In the material below, please retype the lines from the very first through the one with "Hanford Reach Fall", exactly and without pictures.
※
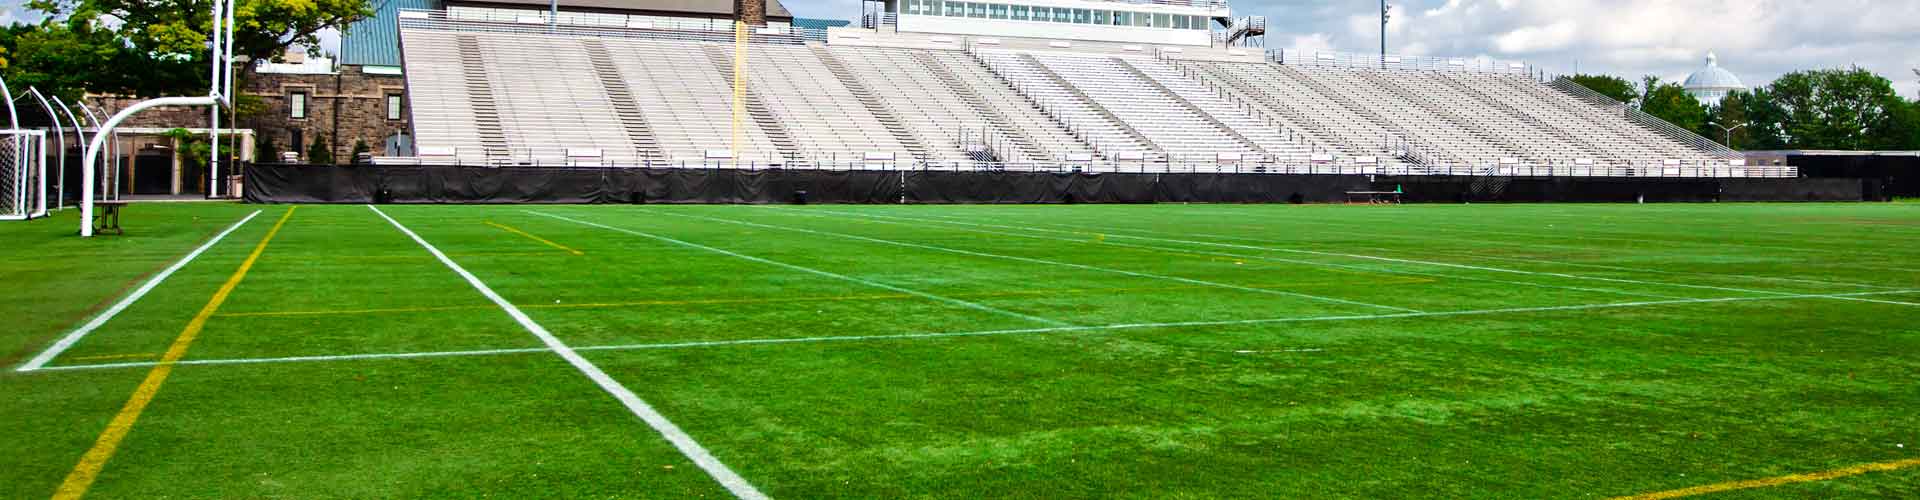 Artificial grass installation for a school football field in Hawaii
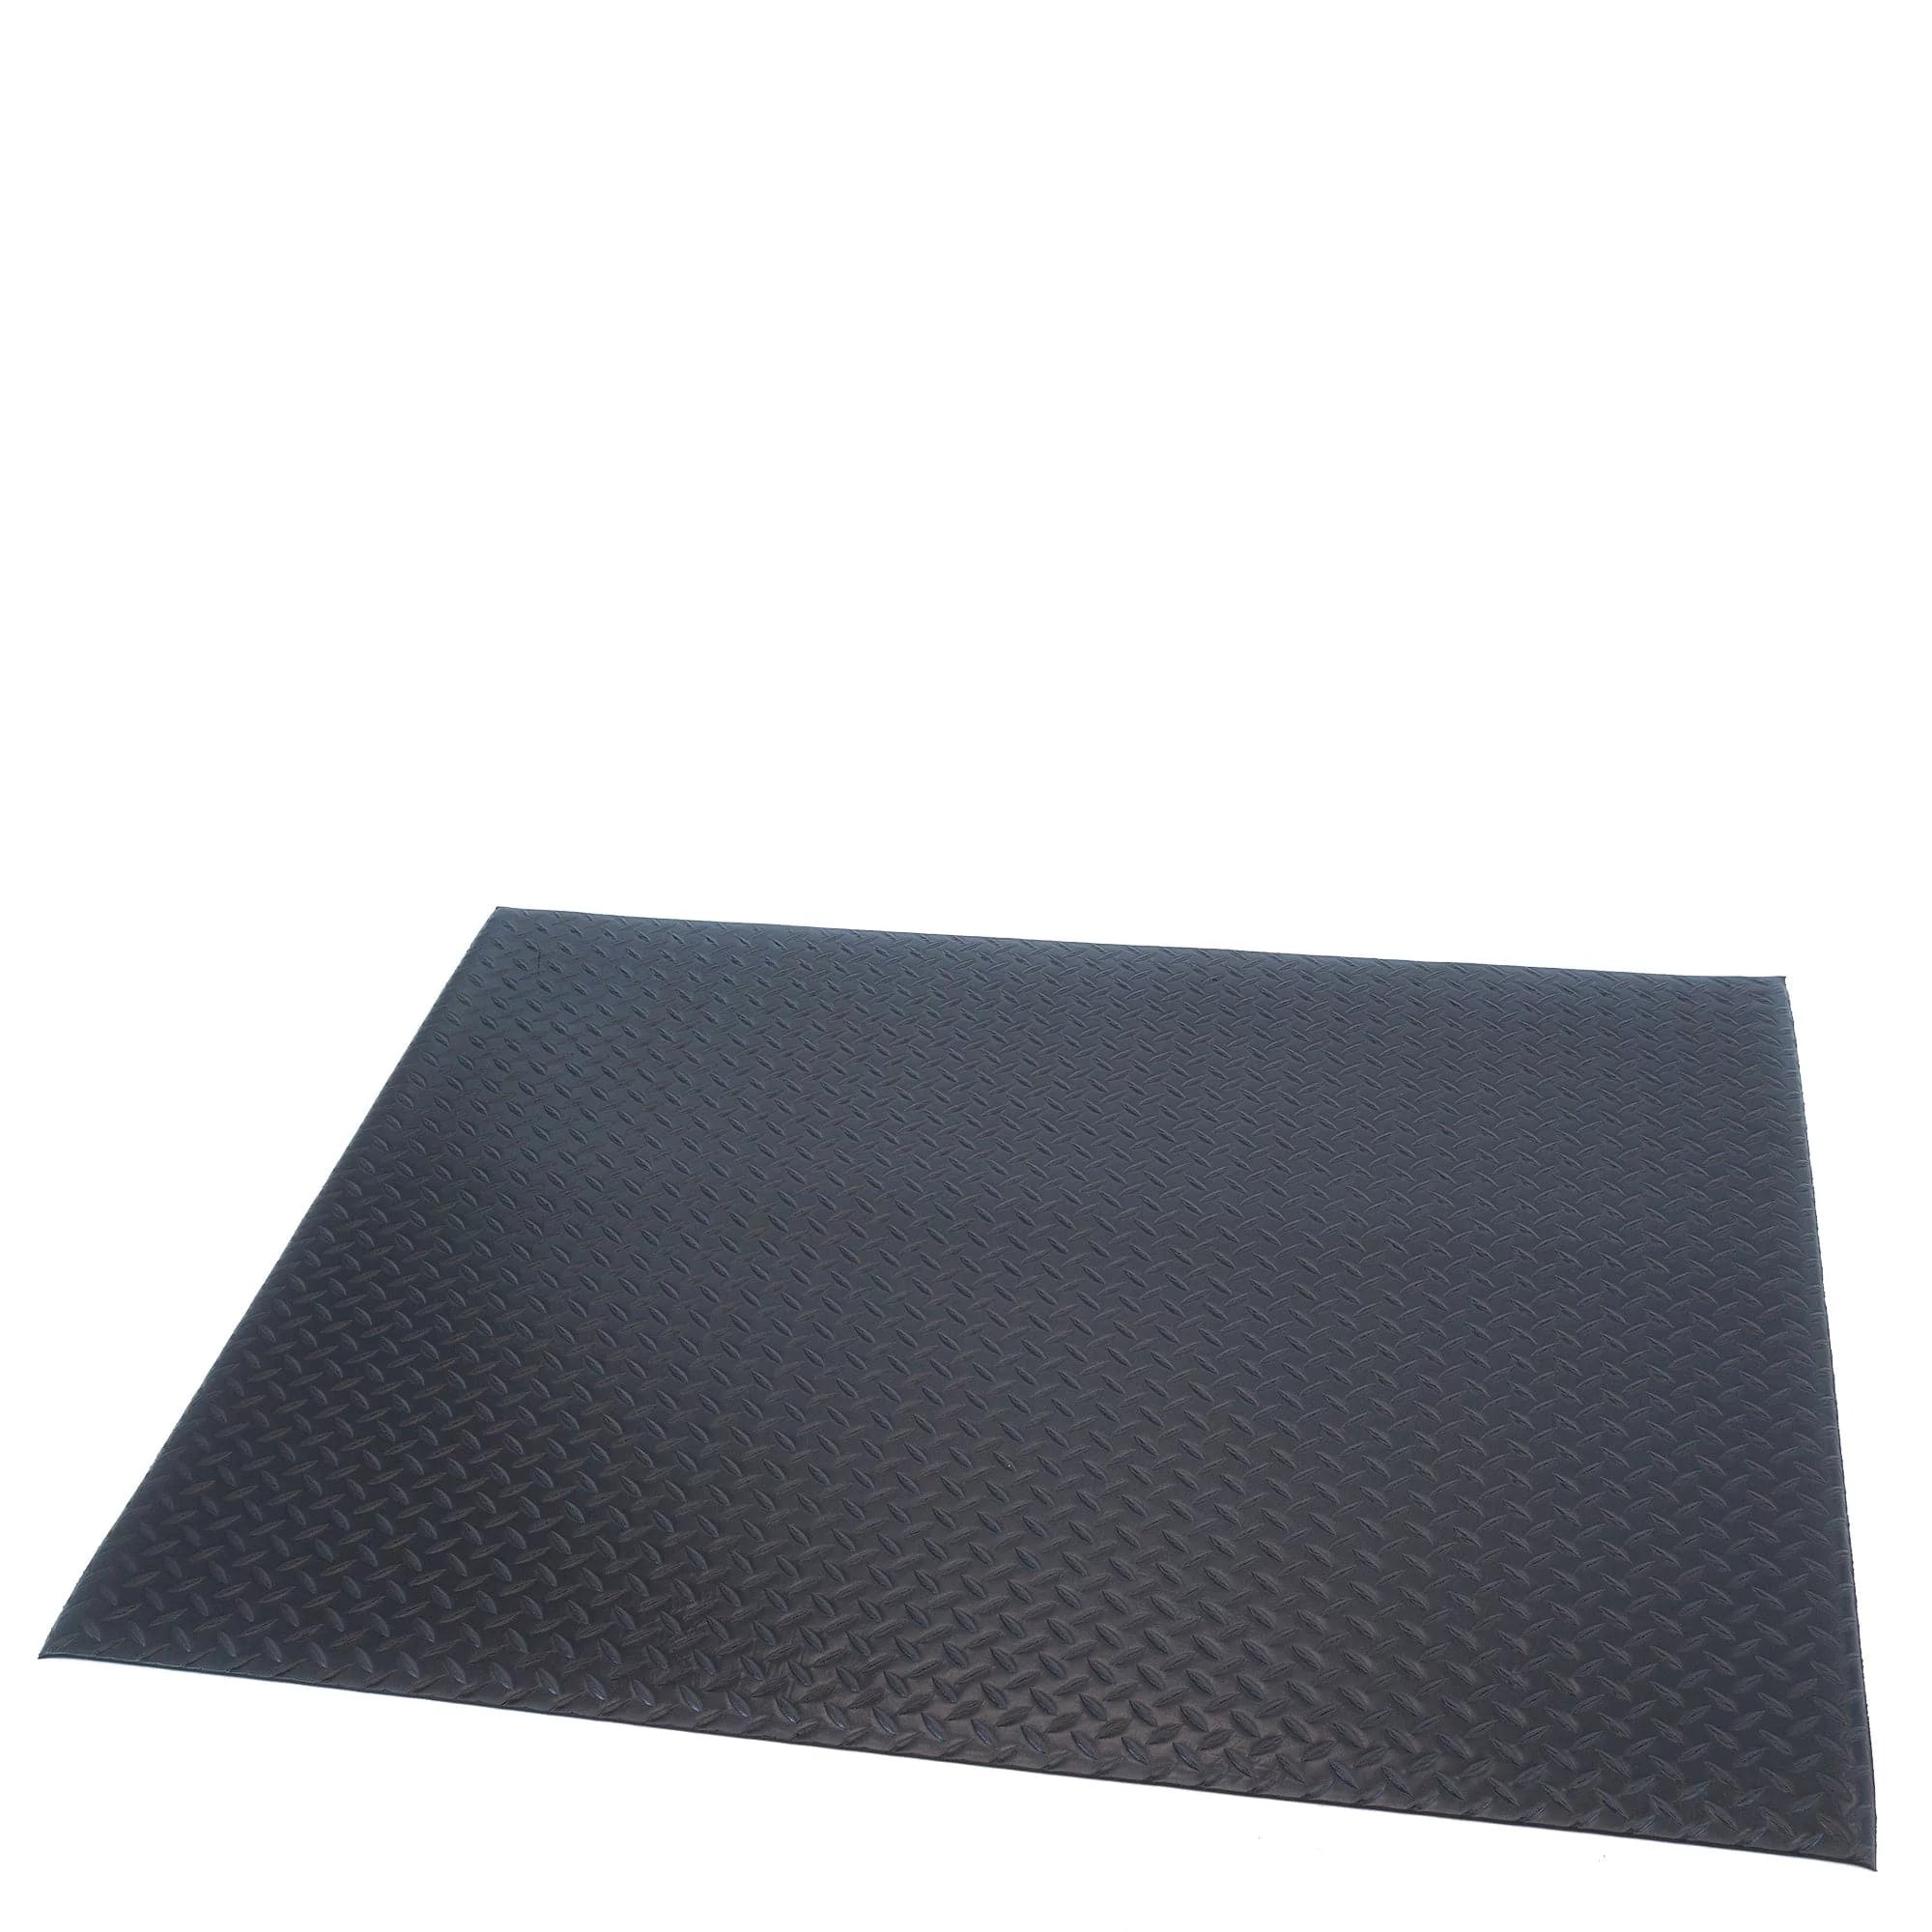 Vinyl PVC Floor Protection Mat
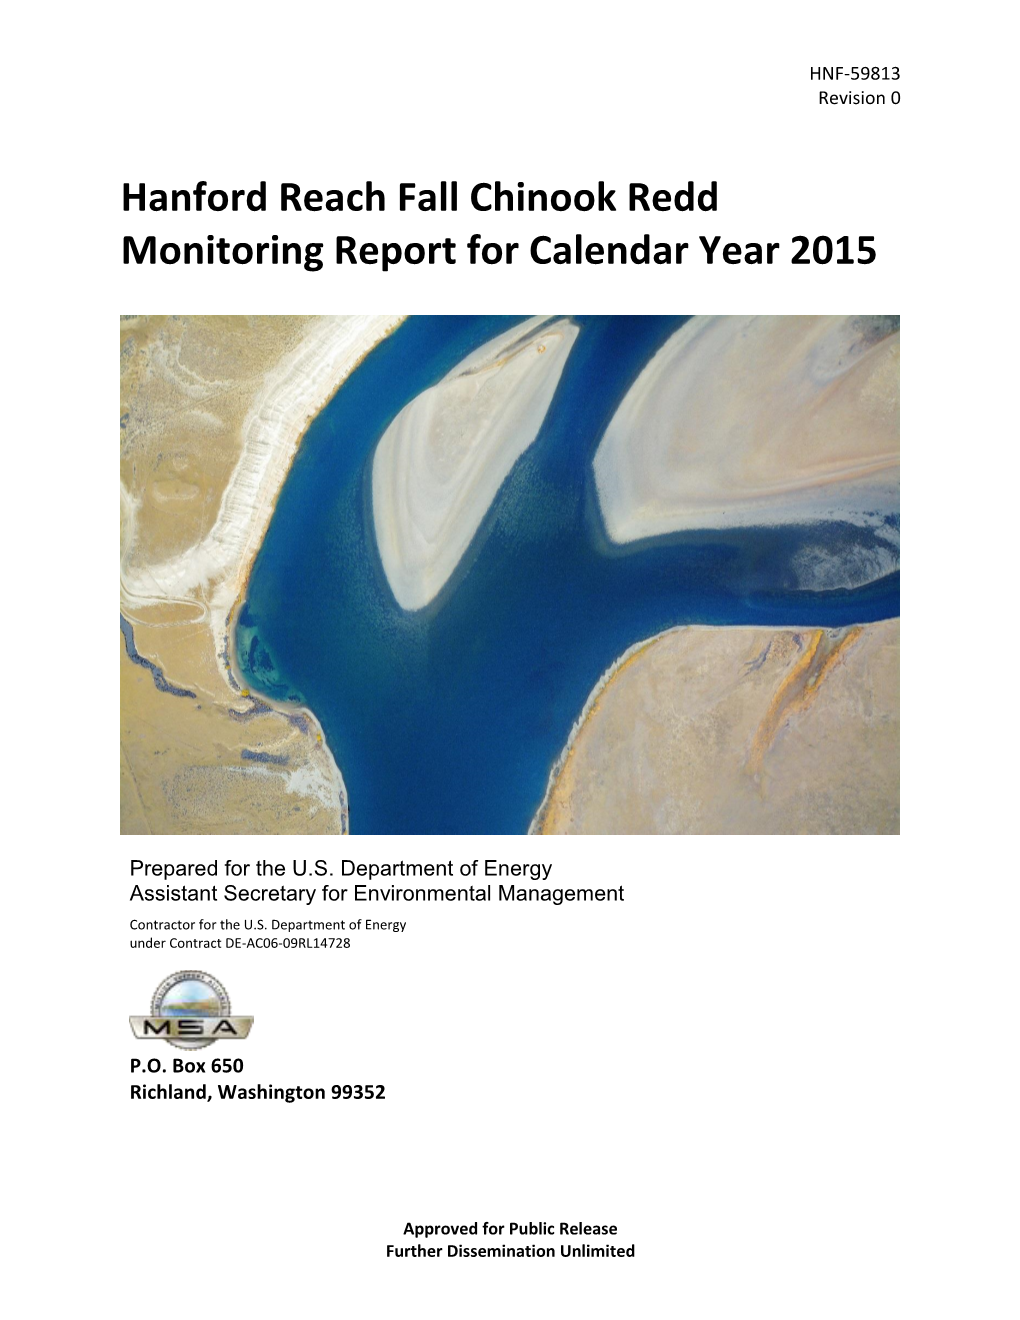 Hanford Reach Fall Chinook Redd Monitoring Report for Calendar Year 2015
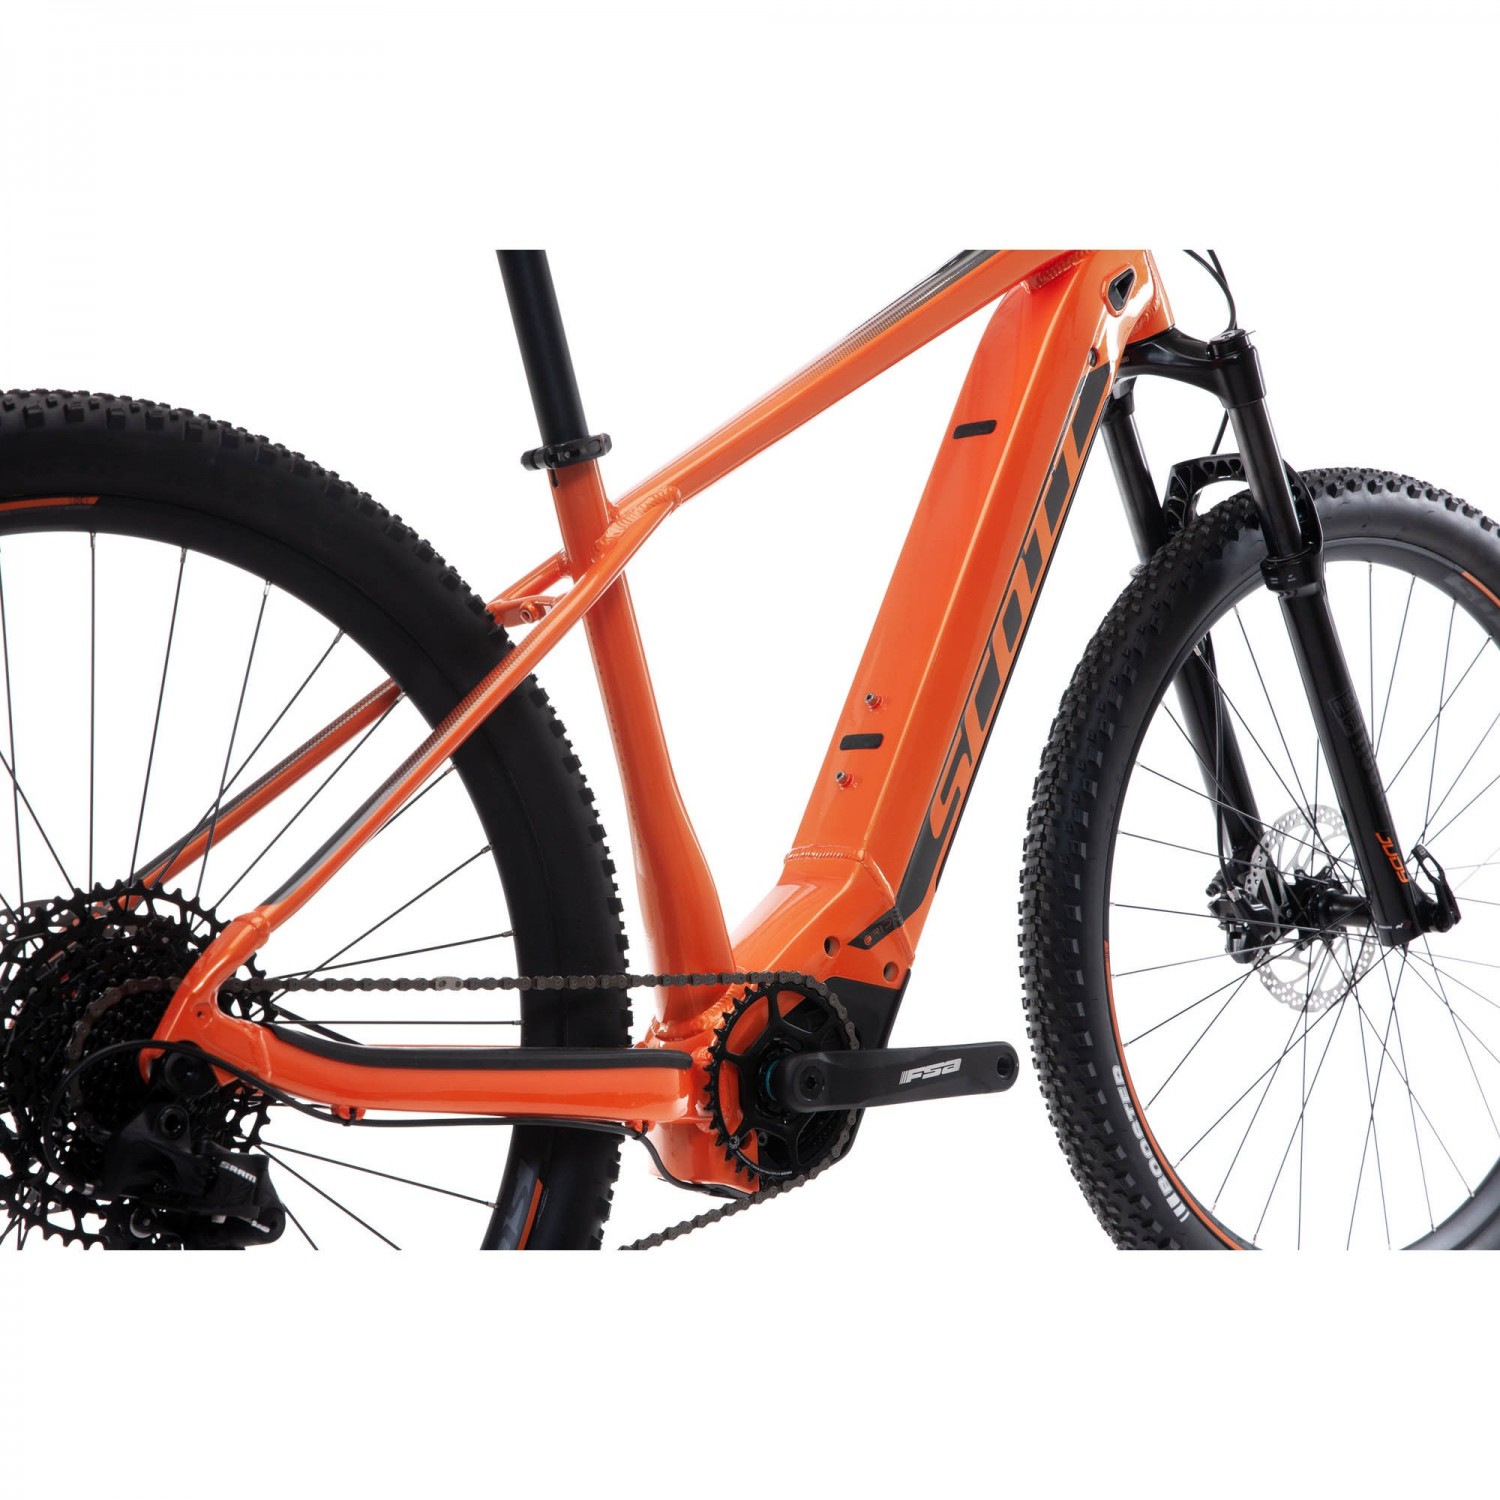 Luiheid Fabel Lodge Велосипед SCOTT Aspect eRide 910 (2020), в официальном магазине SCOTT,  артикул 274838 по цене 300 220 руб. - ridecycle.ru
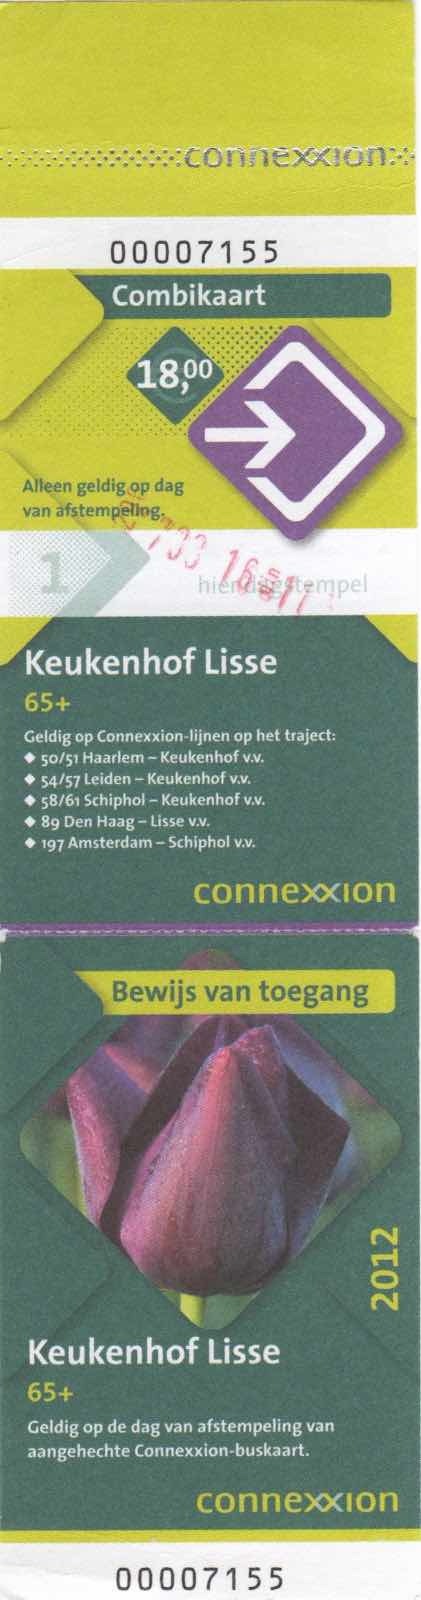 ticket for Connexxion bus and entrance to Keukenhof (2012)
※
### WRITTEN ANSWER
 Artificial grass installation for a school football field in Hawaii
 Vinyl PVC Floor Protection Mat
 Hanford Reach Fall Chinook Redd Monitoring Report for Calendar Year 2015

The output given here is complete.